Task instructions: Restate word for word the lines of the listing below, from its first line through the line with "Як обрати правильний ніж для вашої кухні?", without the pictures.

Records:
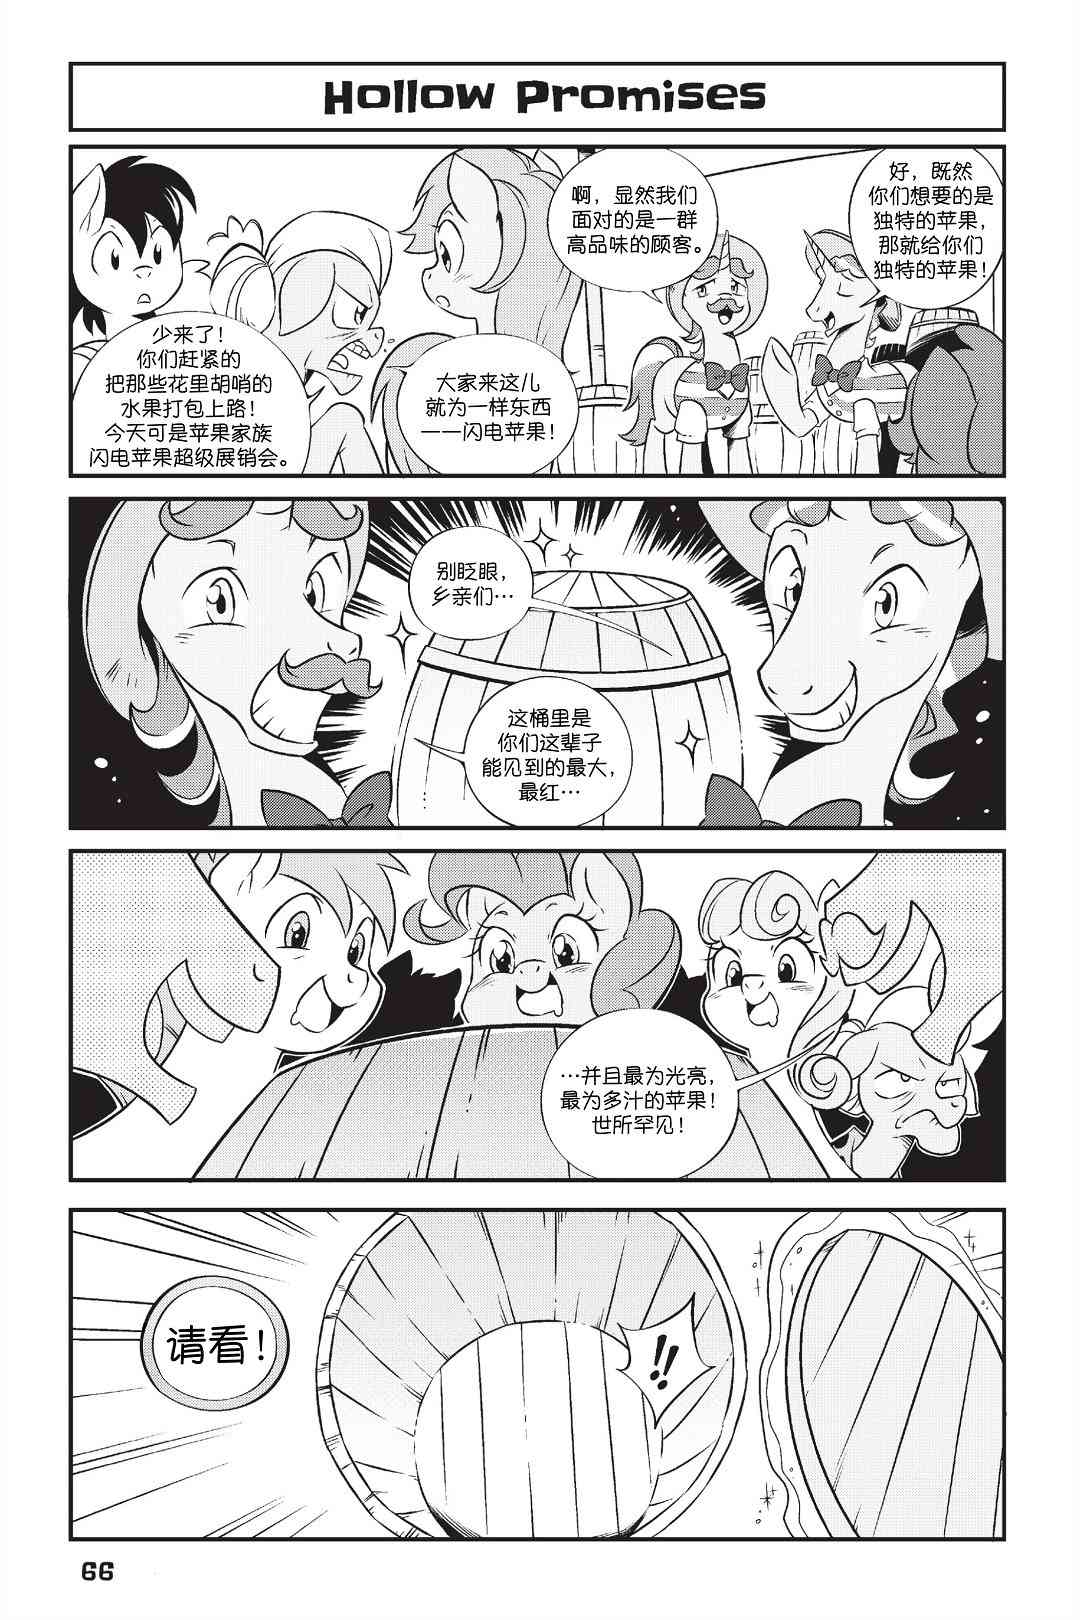 彩虹小馬G4：友情就是魔法 - 新日版漫畫第01部第05話 - 2
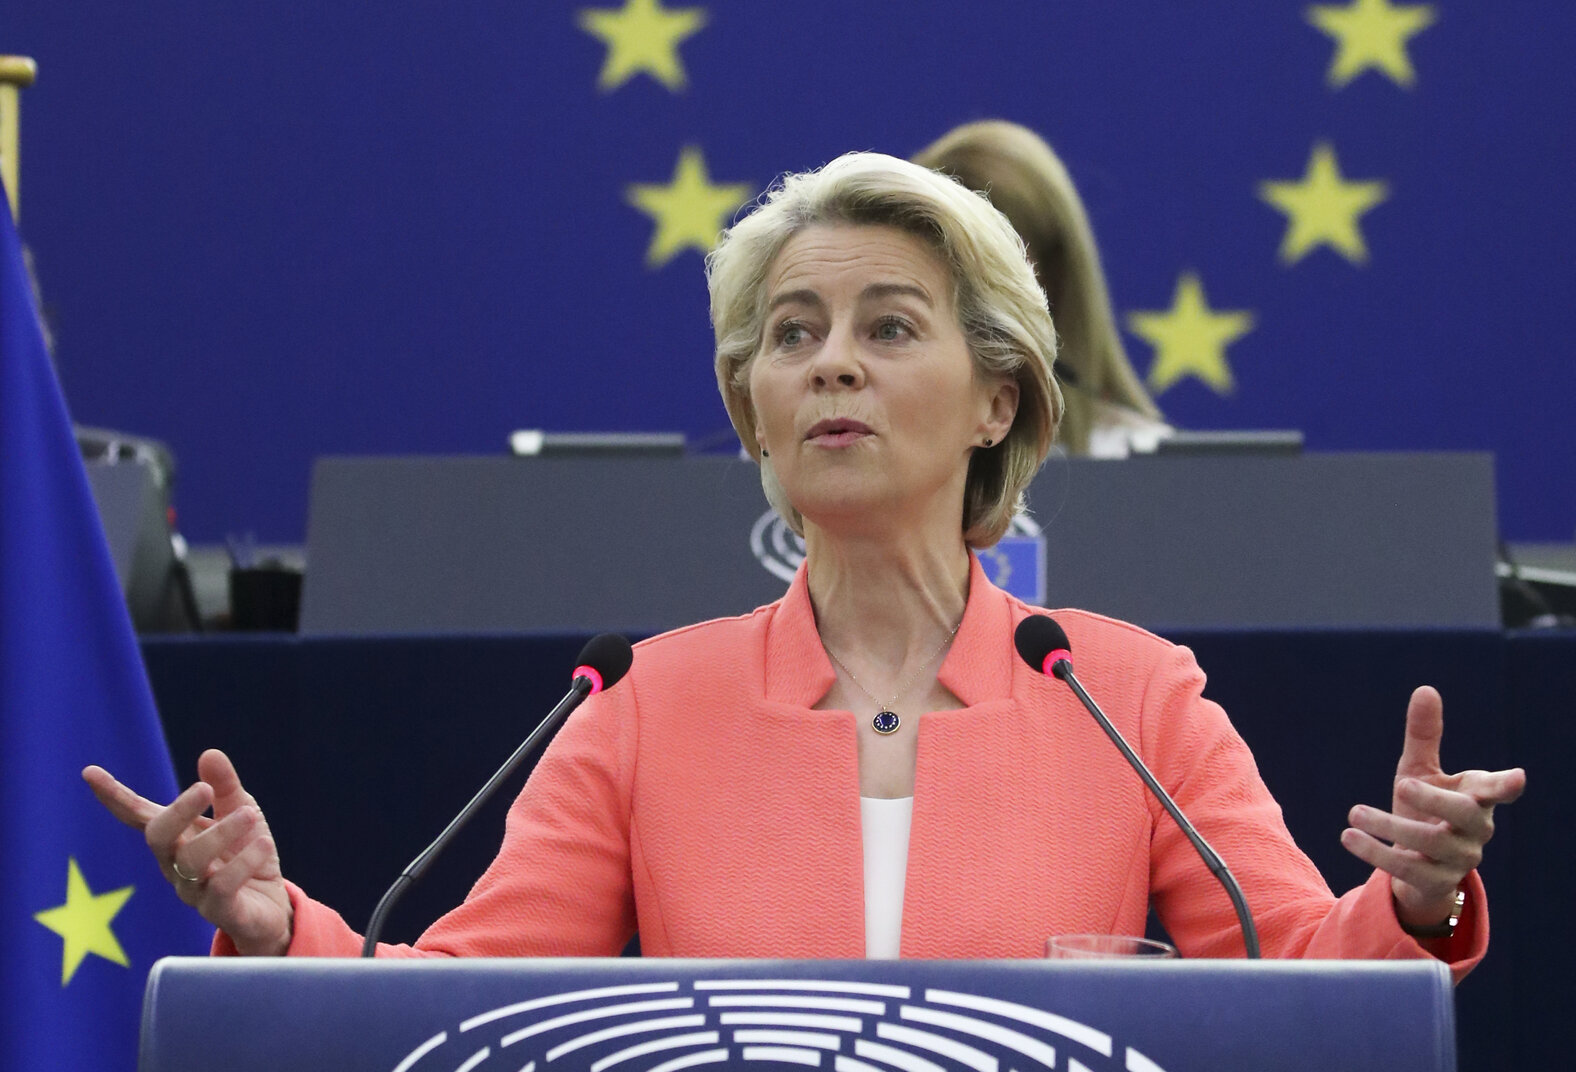 Ursula von der Leyen, state of the EU, EU defense
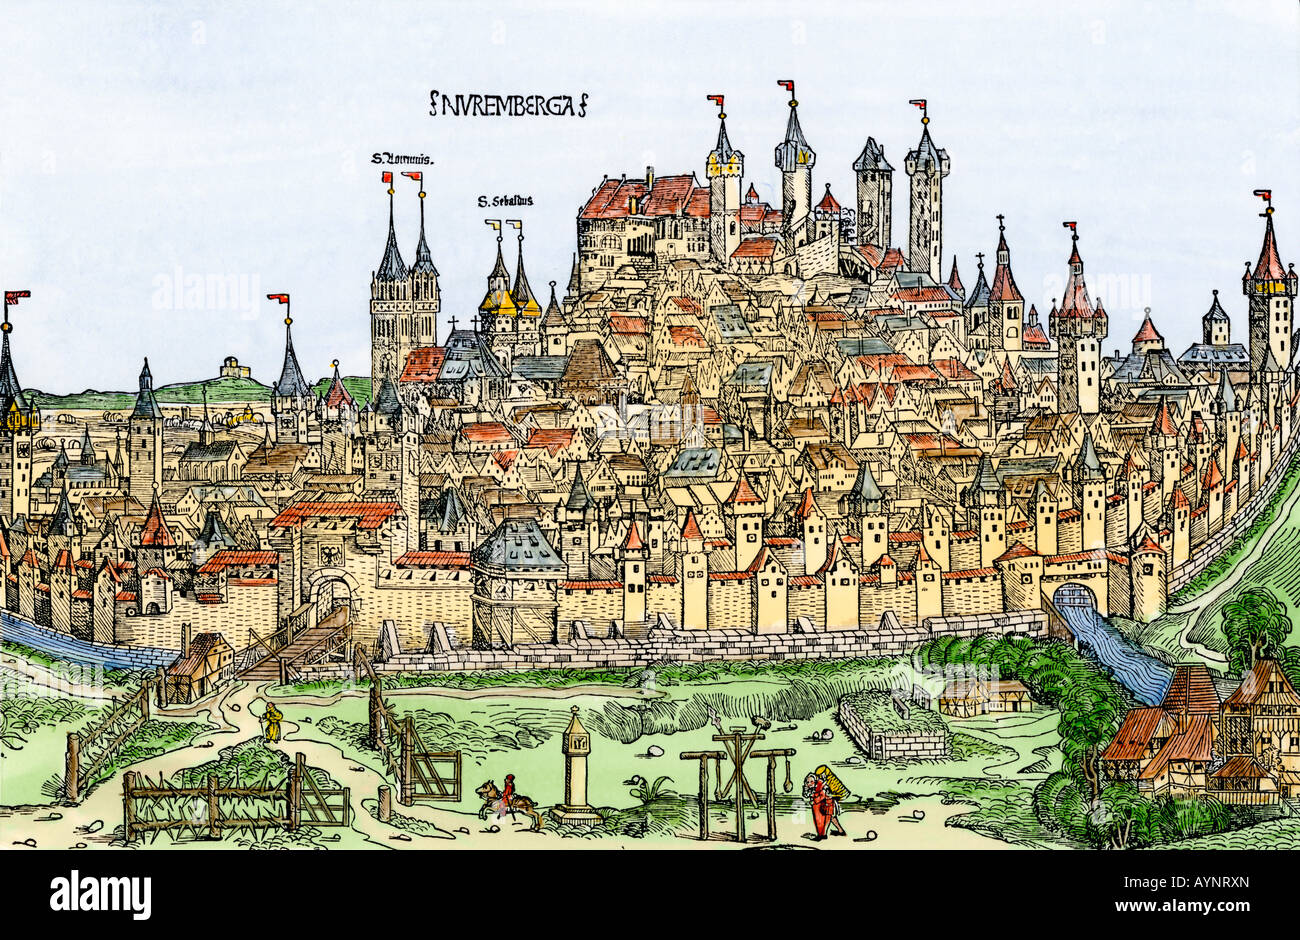 Remparts de la ville médiévale de Nuremberg Allemagne années 1400. À la main, gravure sur bois Banque D'Images
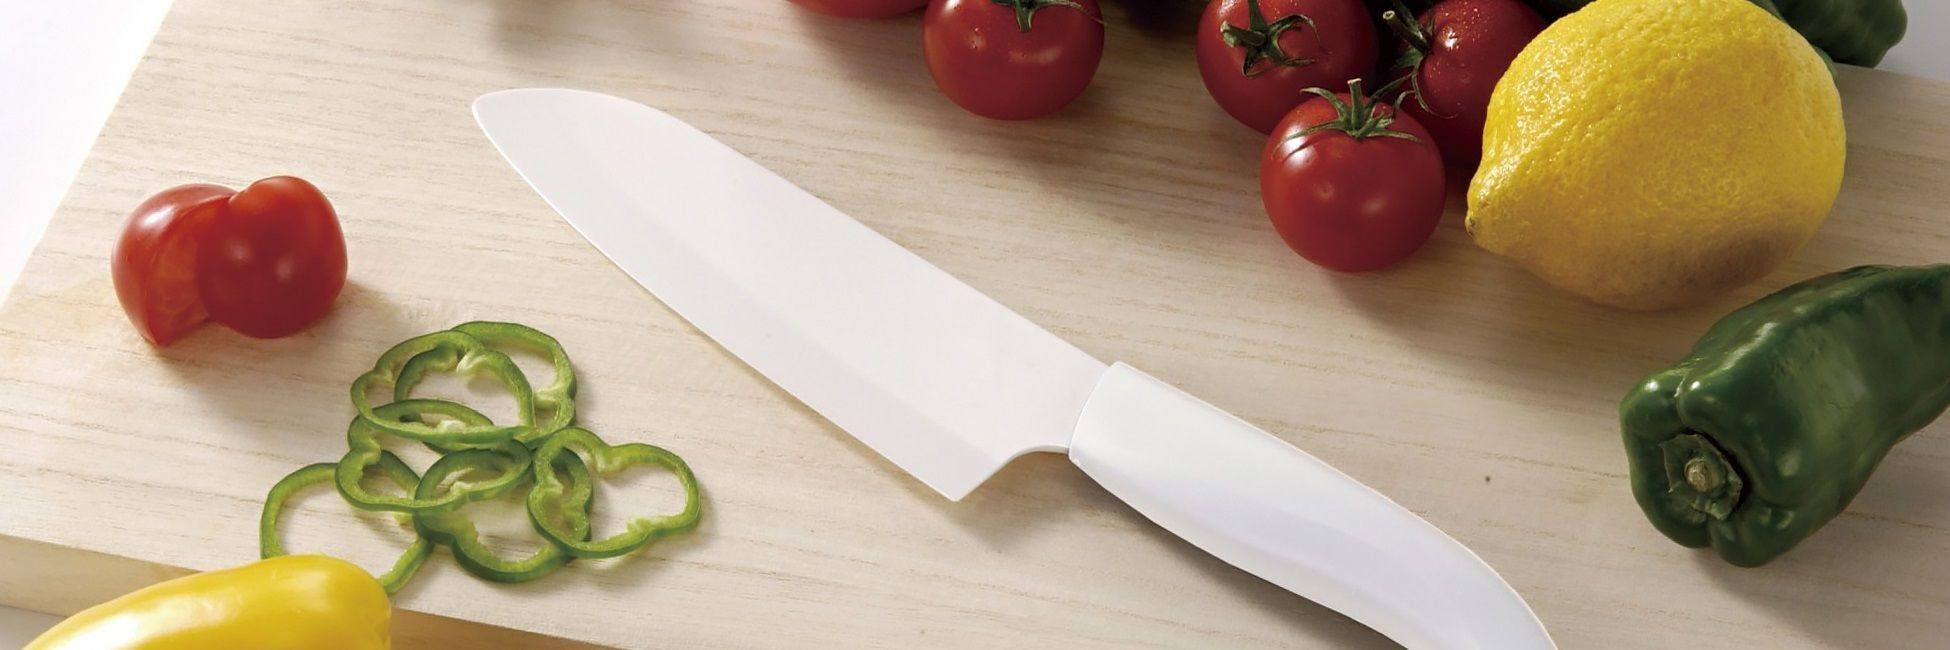 Як обрати правильний ніж для вашої кухні?
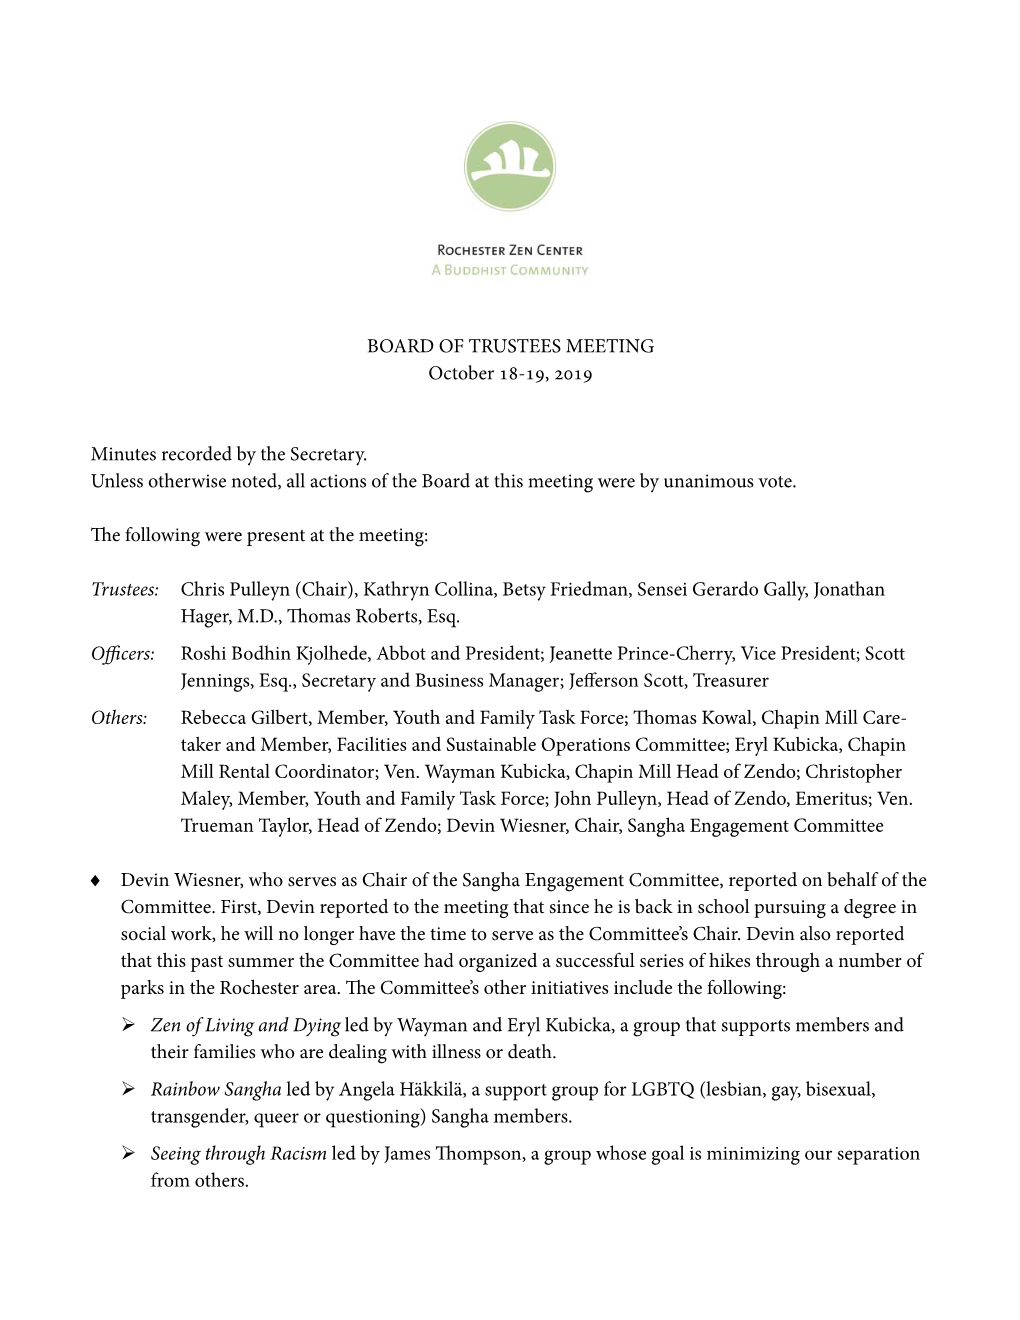 Minutes, Rochester Zen Center Board of Trustees Meeting, October 18-19, 2019

Answer section:
 彩虹小馬G4：友情就是魔法 - 新日版漫畫第01部第05話 - 2
 Ursula von der Leyen, state of the EU, EU defense
 Remparts de la ville médiévale de Nuremberg Allemagne années 1400. À la main, gravure sur bois Banque D'Images
 Як обрати правильний ніж для вашої кухні?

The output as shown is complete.